= List of drainage basins of South Africa =

A drainage basin is an extent of land where water from rain and melting snow or ice drains downhill into a body of water, such as a river, lake, reservoir, estuary, wetland, sea or ocean. The drainage basin includes both the streams and rivers that convey the water as well as the land surfaces from which water drains into those channels, and is separated from adjacent basins by a drainage divide.

The drainage basin acts like a funnel, collecting all the water within the area covered by the basin and channelling it into a waterway.
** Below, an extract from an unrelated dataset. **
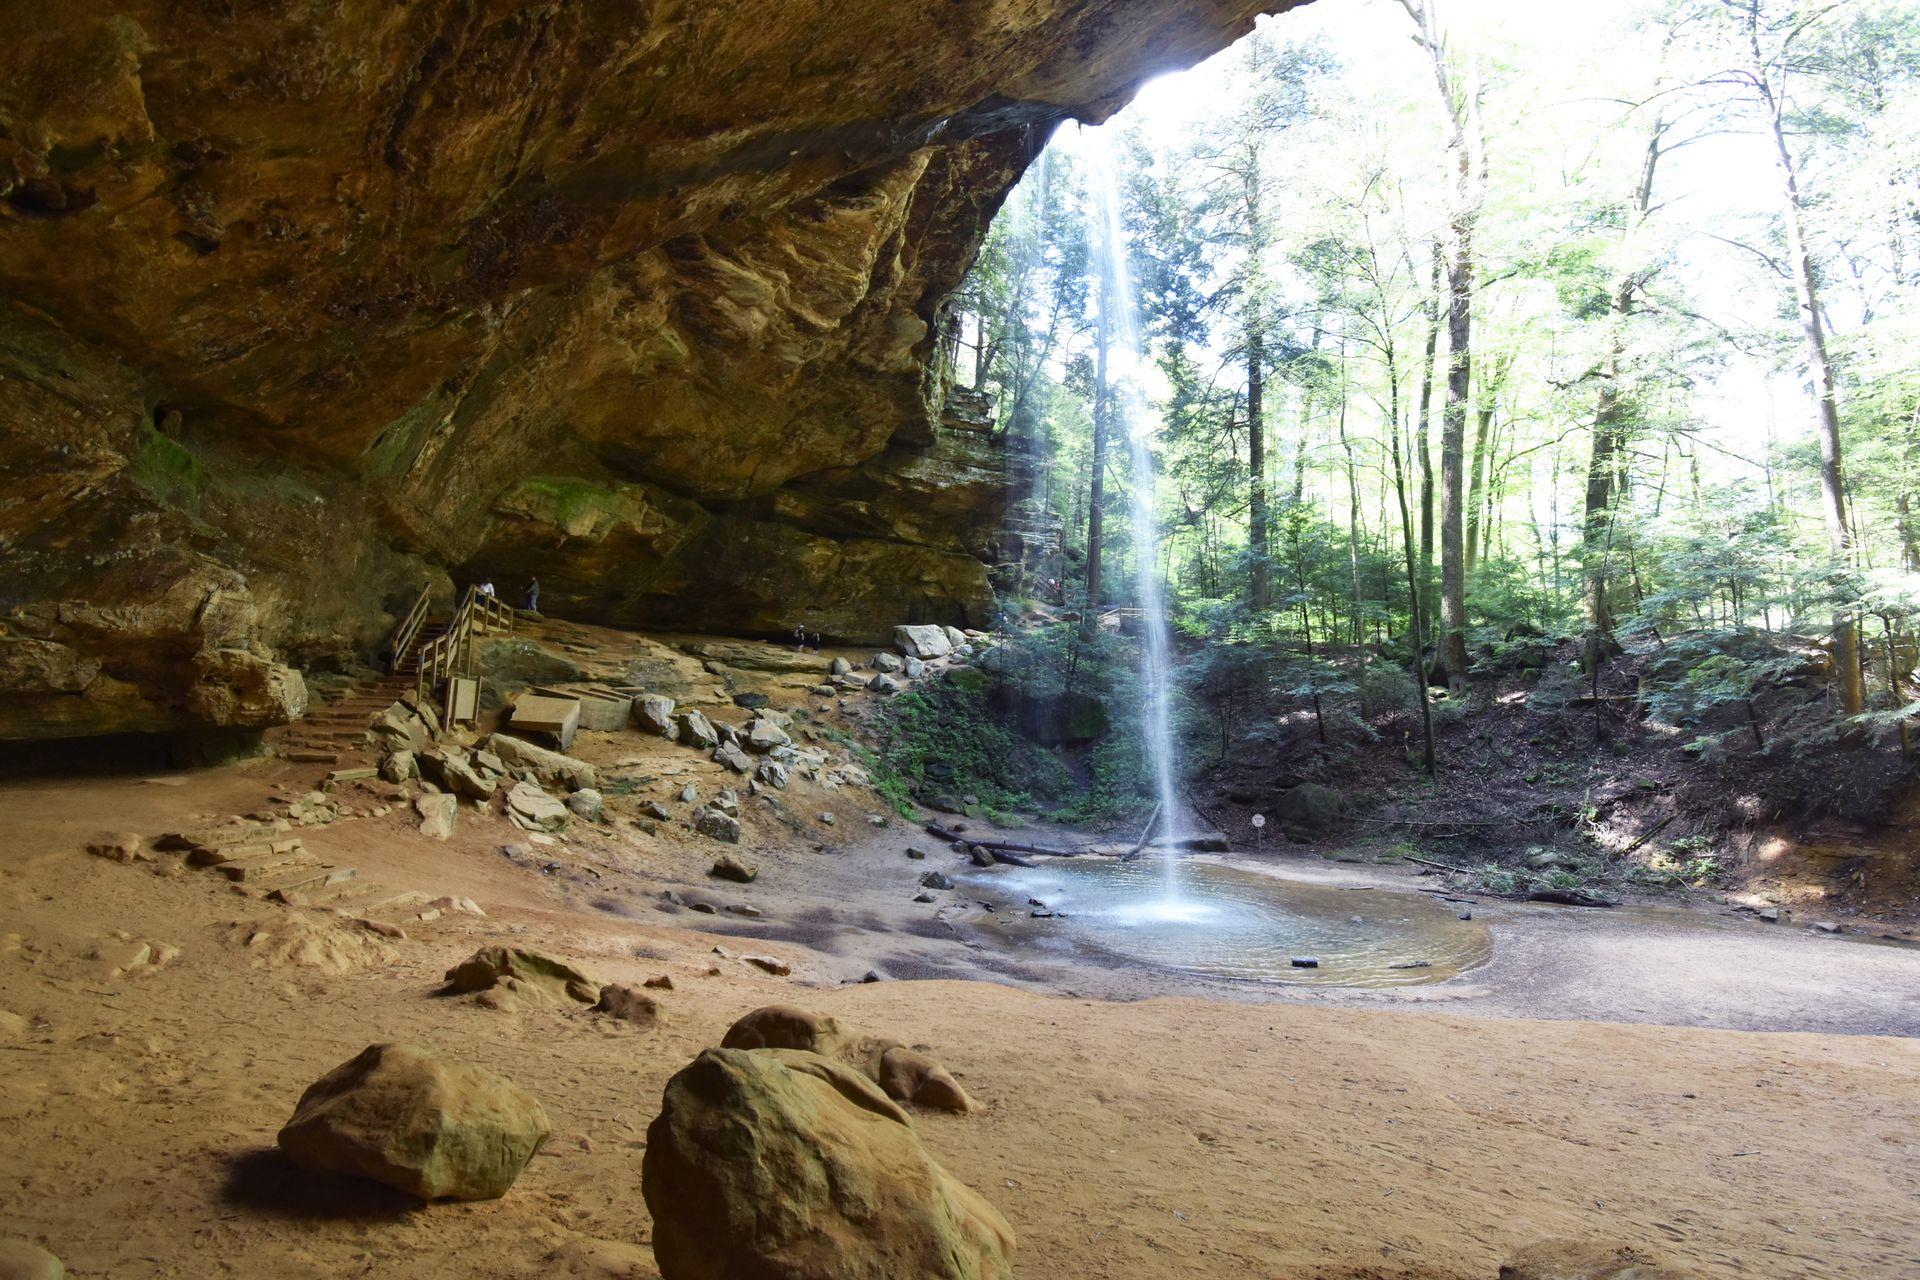 A view from inside of Ash Cave. There is a large overhang and a small waterfall coming off of the edge.

Each drainage basin is separated topographically from adjacent basins by a geographical barrier such as a ridge, hill or mountain, which is known as a water divide.

Other terms that are used to describe a drainage basin are catchment, catchment area, catchment basin, drainage area, river basin, water basin and watershed.

The drainage basins in South Africa do not correspond with the Water Management Areas, and have the letters A, B, C, D, E, F, G, H, J, K, L, M, N, P, Q, R, S, T, U, V, W, and X. The Area A comes close to the same area that the Limpopo WMA seems to cover. Apart from these letters they seem to have no name referring to them. What seems to be the case though is that each area refers to some major river systems and their tributaries (a region for each major river system).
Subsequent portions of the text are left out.